Very Early Results Support Initial Thoughts About Cubs’ Offense, Except for One Aspect

This shouldn’t come as a surprise to anyone, but the Cubs have shown here in the very early going that their offseason attempts to overhaul the offense have worked. I don’t mean that in terms of having a successful offense because that remains to be seen, only that the style Jed Hoyer sought to mold through multiple transactions appears to be playing out according to plan. And yes, I do realize they’ve only played five games.

Ed. note: For those who will undoubtedly fuss about it being too early and don’t I have anything better to write: Yes and no. The Cubs were rained out Wednesday and they’re off Thursday, so salient topics are kind of at a premium right now.

That said, we’re seeing a team that should hit for a higher average and reach base more frequently while also producing a good deal less power than we’ve seen in recent years. The on-base skills don’t necessarily come from patience, but from putting more balls in play and perhaps benefiting from the new shift restrictions. While it’s possible we’ll see the power numbers rise along with temperatures throughout the summer, the Cubs figure to stick pretty close to the proposed blueprint.

Their .273 average through 199 plate appearances would be their best mark since 2018 by 15 points and their 19.1% strikeout rate would top 2016 by two points. The Cubs haven’t reached base at a .343 clip since ’16 and their 103 wRC+ is just three points off the pace of that title campaign. Maintaining a 9.0% walk rate would leave them tied for sixth among the iterations of the roster since the breakout 2015 season.

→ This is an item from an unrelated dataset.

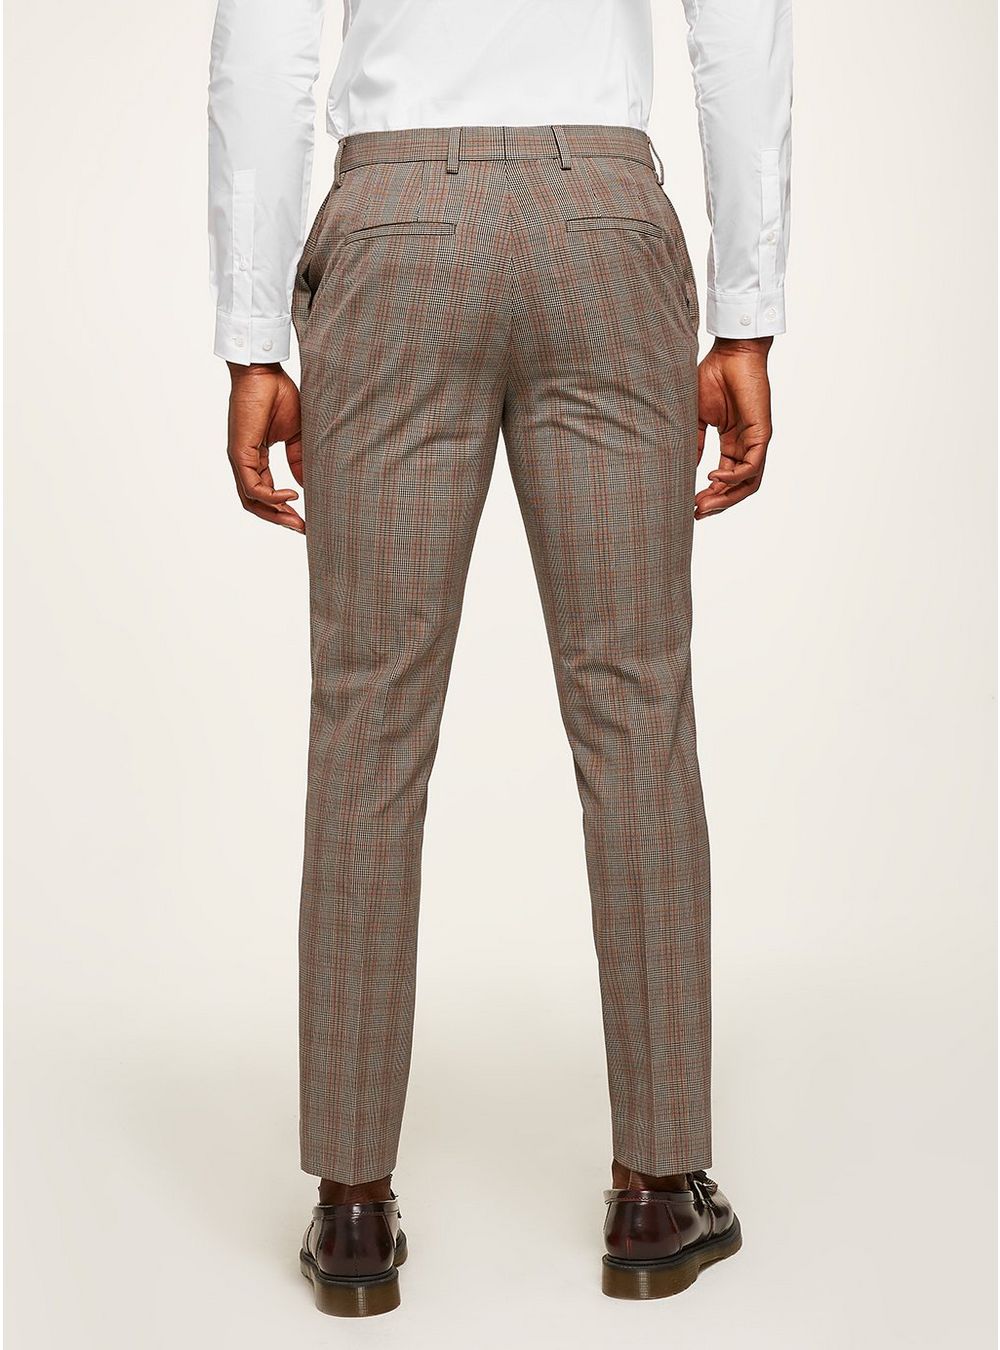 Brown suit trousers brown check muscle suit trousers - shop all sale - sale - topman ZIPLIWR

Where we really see the separation on the other end is with a .125 ISO — a measure of raw power that tells you how often players hit for extra bases — that currently sits 23 points below last season for their lowest in the last nine years. Their .398 slugging percentage is actually tied for sixth with the ’15 squad, but that’s just because they’re reaching more often via base hits.

We could dismiss most of these results as the function of a small sample size, and maybe that’s what’ll happen over time, but the stats are all tracking along the exact path Hoyer laid out. It’s more like following a paper map rather than GPS, however, so there will be some little detours and deviations along the way. One of those, perhaps the most surprising, is the apparent lack of aggressiveness on the bases so far.

The Cubs have just three stolen bases through five games, putting them right around the middle of the league in that category. That kind of risk aversion typified their years of contention, but the Cubs were one of the top teams in the league when it came to swiping bags and it stood to reason that they’d be up there again this year. Or it still stands because they can’t rely on getting 16 hits every night.

Nor can they necessarily expect to continue hitting at this high a clip, so putting runners in motion is going to be a necessary part of whatever level of success they achieve. It’s even stranger that they’re not running more in light of David Ross‘s decision to have Patrick Wisdom bunt the other night, but whatever.

Those who might be concerned with the premature nature of this analysis can rest assured that I’ll continue to check back on it over the next few months.